Calculating a Use.

In the previous post I talked a little about what a “use” is for our digital library and why we use it as a unit of measurement.  We’ve found that it is a very good indicator of engagement with our digital items.  It allows us to understand how our digital items are being used in ways that go beyond Google Analytics reports.

In this post I wanted to talk a little bit about how we calculate these metrics.

First of all a few things about the setup that we have for delivering content.

We have a set of application servers that are running an Apache/Python/Django stack for receiving and delivering requests for digital items.  A few years ago we decided that it would be useful to proxy all of our digital object content through theses content servers for delivery so we would have access to adjust and possibly restrict content in some situations.  This means two things,  one that all traffic goes in and out of these application servers for requests and delivery of content, and two that we are able to rely on the log files that Apache produces to get a good understanding of what is going on in our system.

We decided to base our metrics on best practices of the Counter initiative whenever possible as to try and align our numbers with that community.

Each night at about 1:00 AM CT we start a process that aggregates all of the log files for the previous day from the different application servers.  These are collocated on a server that is responsible for calculating the daily uses.

We are using the NCSA extended/combined log format for the log file format coming from our servers.  We also append the domain name for the request because we operate multiple interfaces and domains from the same servers.  A typical set of logs look something like this.

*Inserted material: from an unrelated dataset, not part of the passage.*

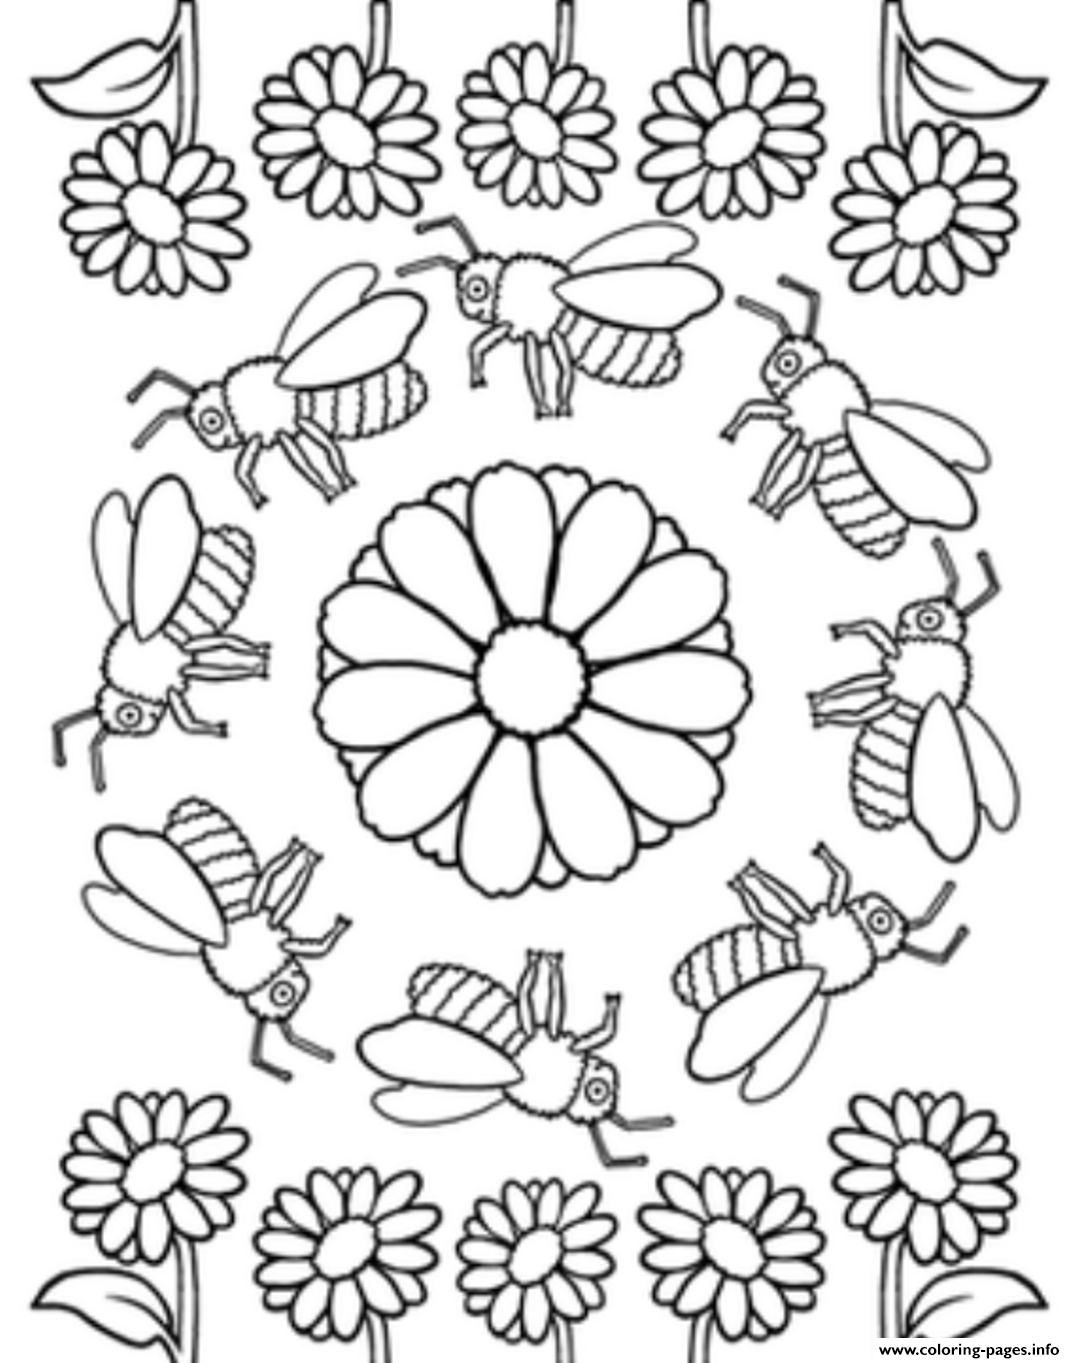 Bees Mandala S2653 coloring
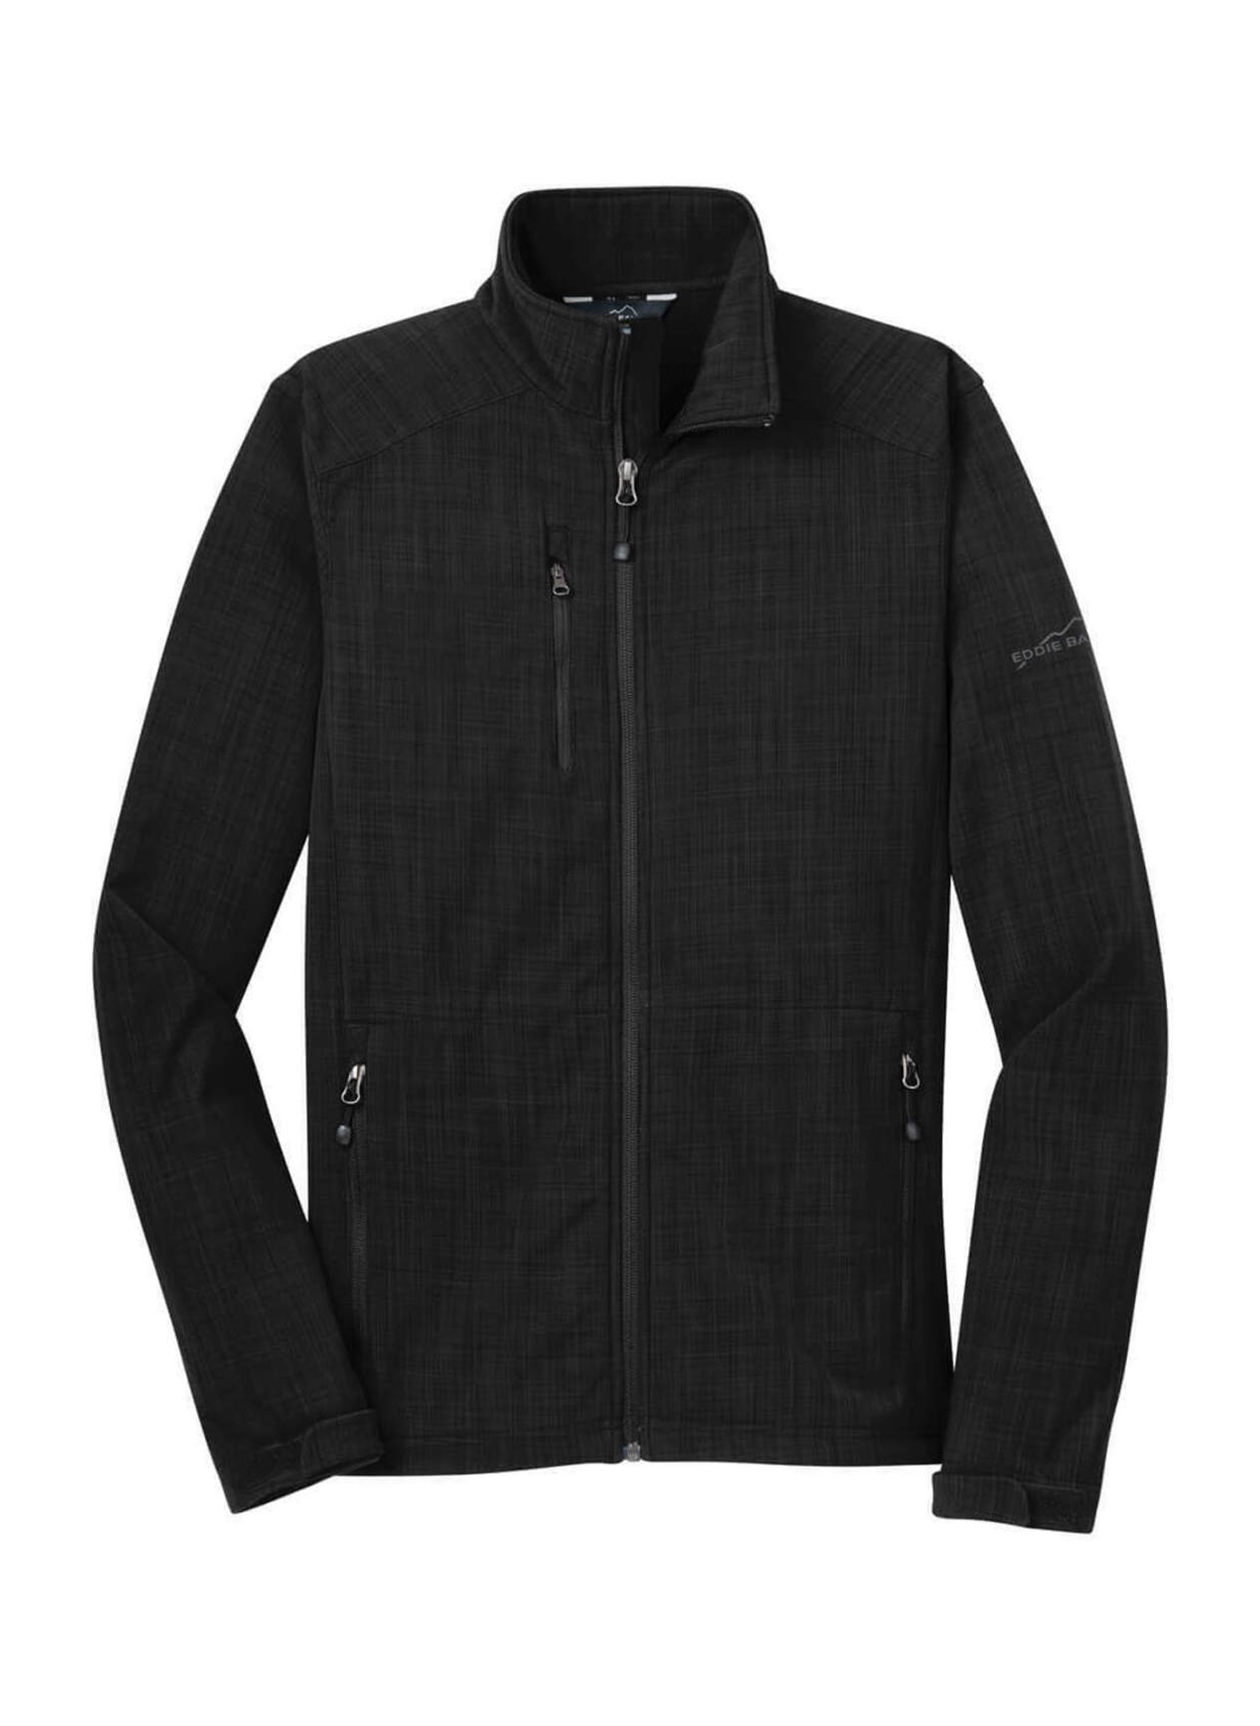 Eddie Bauer Black Men's Shaded Crosshatch Soft Shell Jacket

texashistory.unt.edu 129.120.90.73 - - [21/Dec/2014:03:49:28 -0600] "GET /acquire/ark:/67531/metapth74680/ HTTP/1.0" 200 95 "-" "Python-urllib/2.7"
texashistory.unt.edu 129.120.90.73 - - [21/Dec/2014:03:49:28 -0600] "GET /acquire/ark:/67531/metapth74678/ HTTP/1.0" 200 95 "-" "Python-urllib/2.7"
texashistory.unt.edu 68.180.228.104 - - [21/Dec/2014:03:49:28 -0600] "GET /search/?q=%22Bowles%2C+Flora+Gatlin%2C+1881-%22&t=dc_creator&display=grid HTTP/1.0" 200 17900 "-" "Mozilla/5.0 (compatible; Yahoo! Slurp; http://help.yahoo.com/help/us/ysearch/slurp)"
texashistory.unt.edu 129.120.90.73 - - [21/Dec/2014:03:49:28 -0600] "GET /acquire/ark:/67531/metapth74662/ HTTP/1.0" 200 95 "-" "Python-urllib/2.7"
texashistory.unt.edu 68.229.222.120 - - [21/Dec/2014:03:49:28 -0600] "GET /ark:/67531/metapth74679/m1/1/high_res/?width=930 HTTP/1.0" 200 59858 "http://forum.skyscraperpage.com/showthread.php?t=173080&page=15" "Mozilla/5.0 (Windows NT 5.1; rv:34.0) Gecko/20100101 Firefox/34.0"

 

Here are the steps that we go through for calculating uses.

  • Remove requests that are not for an ARK identifier,  the request portion must start with /ark:/
  • Remove requests from known robots (this list, plus additional robots)
  • Remove requests with no user agent
  • Remove all requests that are not 200 or 304
  • Remove requests for thumbnails, raw metadata, feedback, urls from the object as they are generally noise

From the lines in the first example there would be only one line left after processing,  the last line.

The lines that remain are sorted by date and then grouped byIP Address.  A time window of 30 minutes is run on the requests.  The IP address and ARK identifier are used as the key to the time window which allows us to group request by a single IP Address for a single item into a single use.  These uses are then fed into a Django application where we store our stats data.

There are of course many other specifics about the process of getting these stats processed and moved into our system.  I hope this post was helpful for explaining the kinds of things that we do and doing count when calculating uses.